▶ DATA BELOW:
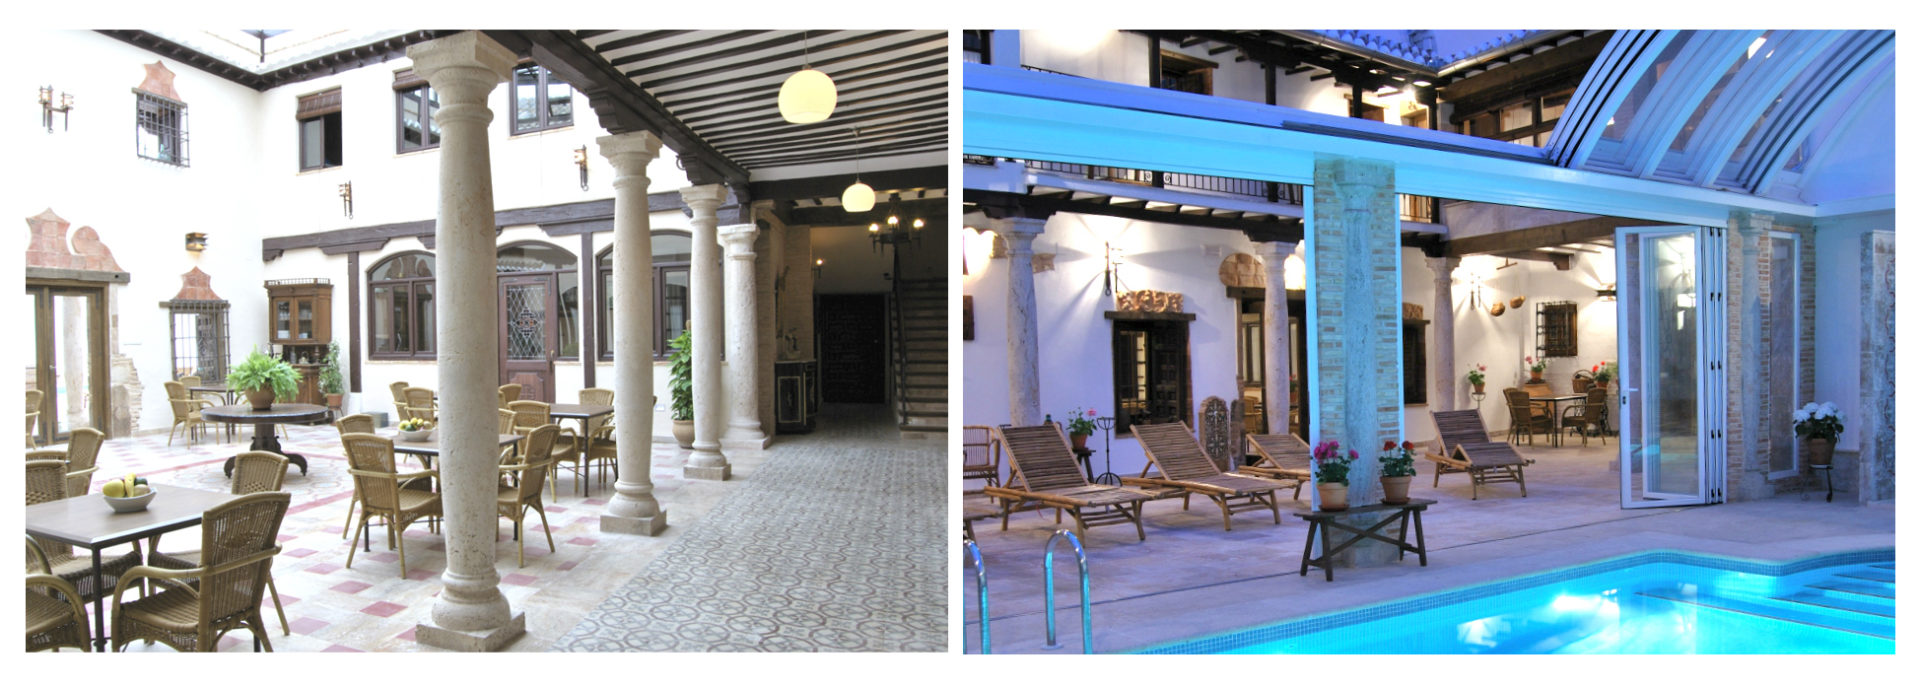 safeclima suelo radiante instalacion hotel casa grande thermor
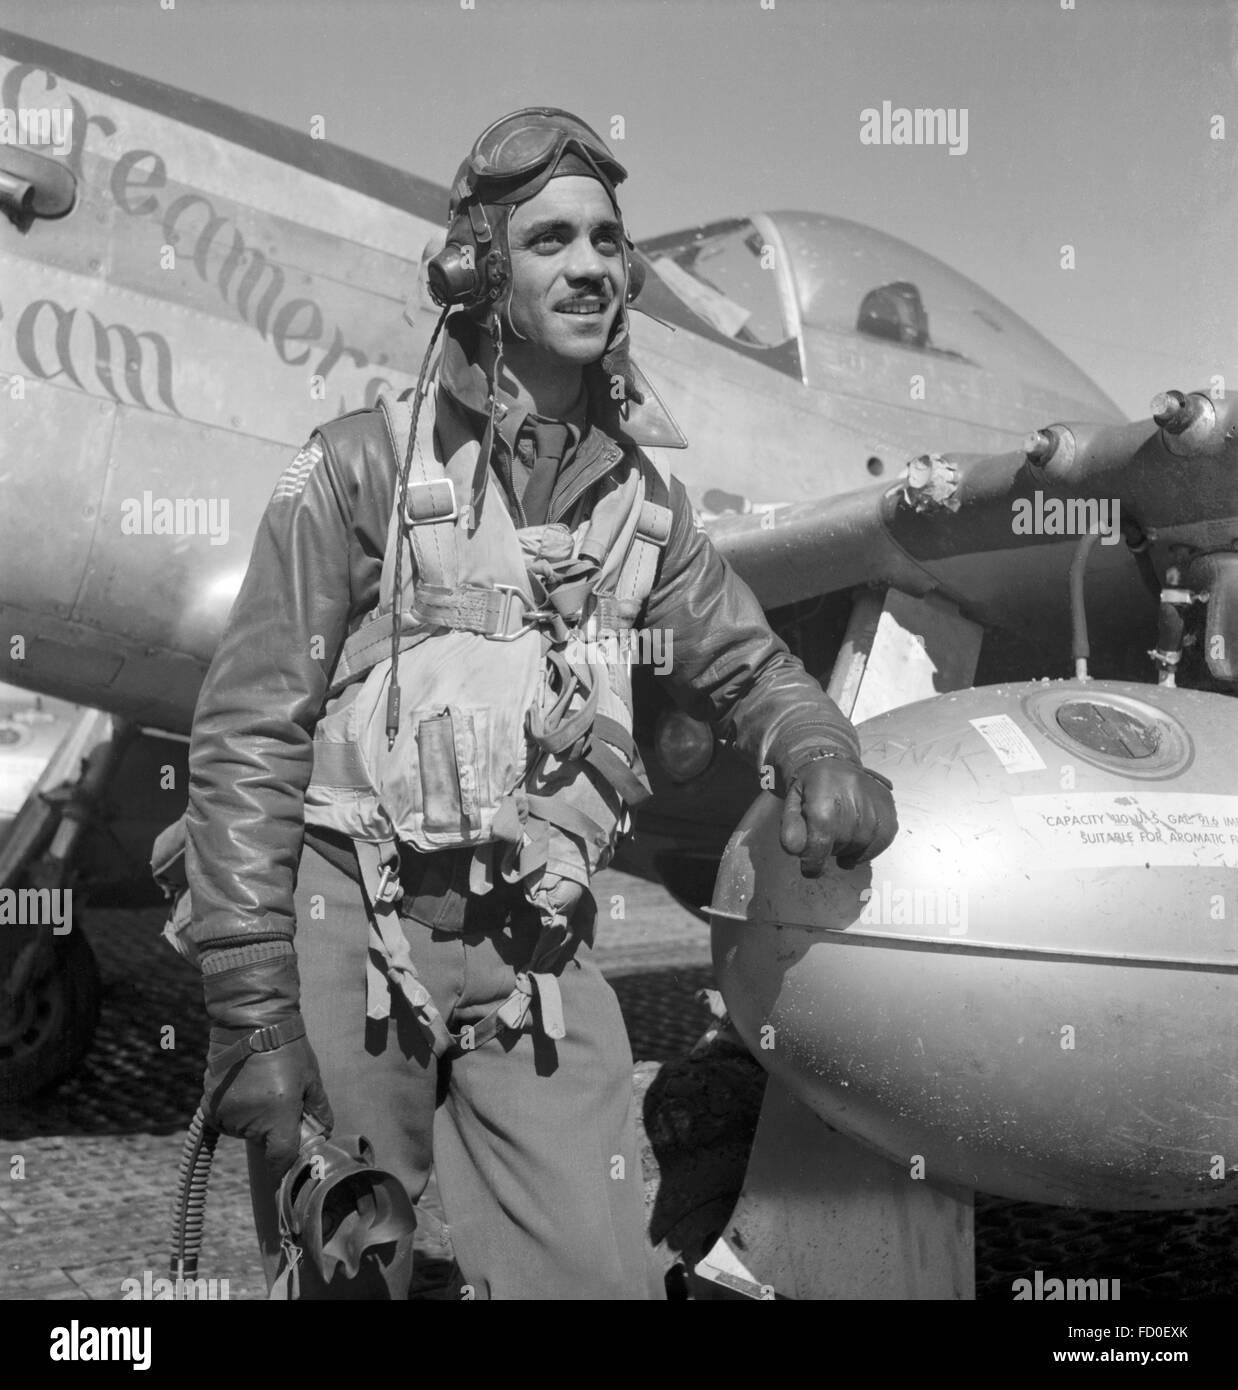 Edward C. Tuskegee airman Gleed, officier des opérations du Groupe, 332e Fighter Group. L'avion dans l'arrière Photo Stock
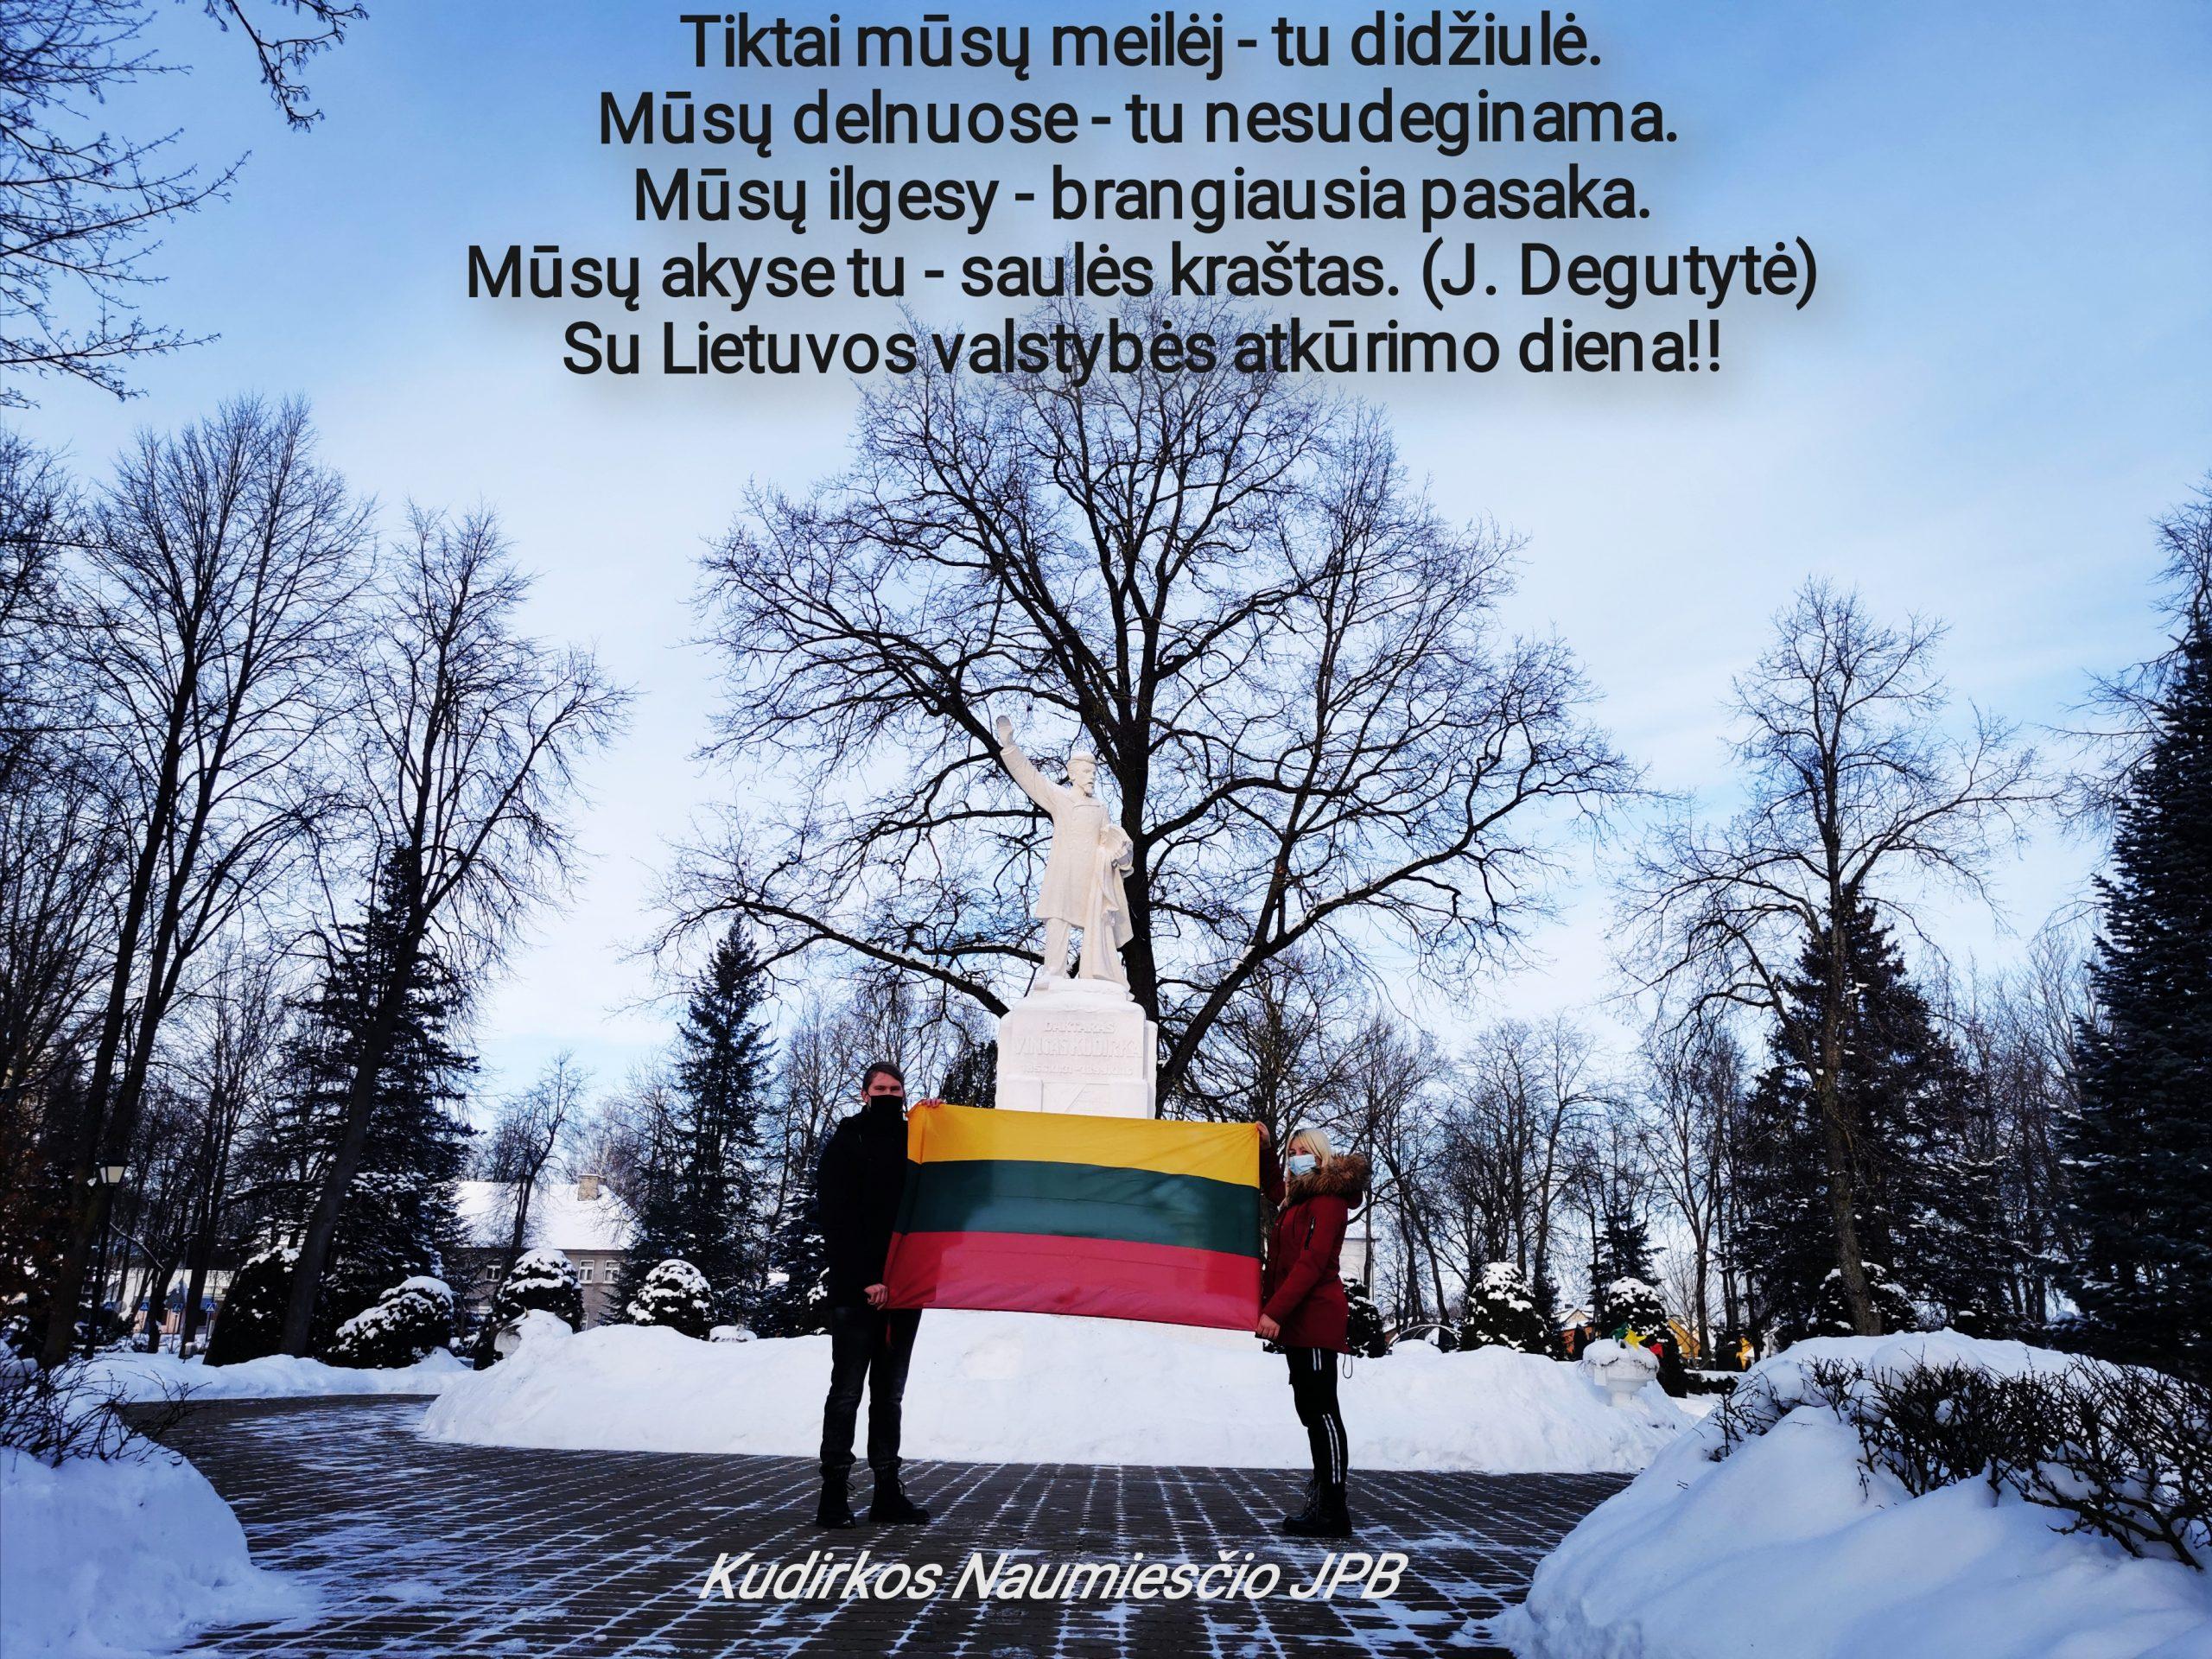 Kudirkos Naumiesčio JPB sveikina su Lietuvos valstybės atkūrimo diena!

▶ ASSIGNMENT: Give back the material above word for word; no picture belongs in it.

▶ COMPLETED EXERCISE:
 safeclima suelo radiante instalacion hotel casa grande thermor
 Edward C. Tuskegee airman Gleed, officier des opérations du Groupe, 332e Fighter Group. L'avion dans l'arrière Photo Stock
 Kudirkos Naumiesčio JPB sveikina su Lietuvos valstybės atkūrimo diena!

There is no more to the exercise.